Abstract

The next several decades pose enormous challenges and opportunities for the global oil and gas industry. While oil and gas will continue to be used for decades to come, it is now recognized that enormous quantities of CO2 have to be stored in subsurface geologic formations to reach global decarbonization goals. International bodies, countries (including China and the United States the world’s two largest greenhouse gas emitters), and 25% of Fortune 500 companies have all established net-zero emission goals by mid-century. In this talk, I will focus on several geomechanical issues that have to be considered to ensure long-term storage efficacy. While it has been long recognized that changes in reservoir pressure should not exceed the pressure at which hydraulic fracturing might occur of seal formations, this presentation will focus on some other issues that have not been sufficiently addressed. First, it is important to identify potentially active faults to limit the possibility that injection-related increases in pore pressure could induce seismic, or aseismic, slip-on known faults.
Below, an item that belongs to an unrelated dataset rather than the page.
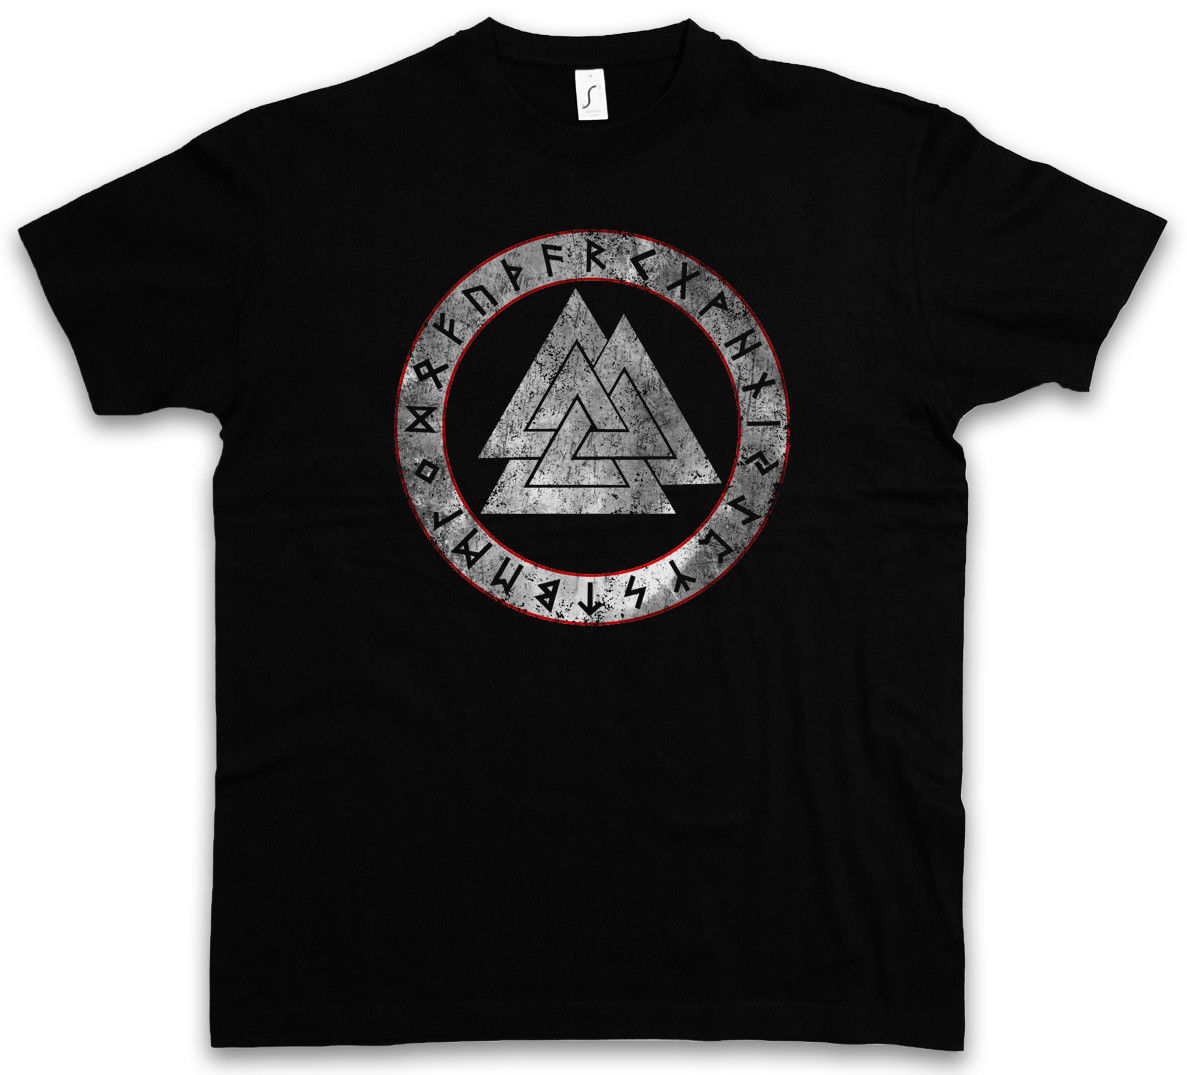 2018 Fashion Short Tee Valknut Runes T Shirt Paganism Newpaganism Odin Thor Loki Midgard Rune Walhalla

Also, as existing evidence shows that potentially active faults (and the damage zones that surround them) are permeable, the presence of potentially active faults represent possible leakage pathways that should be avoided, even when injection-related pressure changes are too small to induce fault slip. Second, when utilizing depleted oil and gas reservoirs for long-term storage of CO2, it is important to understand both the mechanical changes of the reservoir rocks and the stress changes that resulted from depletion. Such knowledge is required to predict how pressure (and the poroelastic stress changes) associated with CO2 injection will affect the reservoir. Finally, from the perspective of induced seismicity, it is critically important to identify reservoirs with both top seals and bottom seals to avoid pressure communication to potentially active faults in the basement.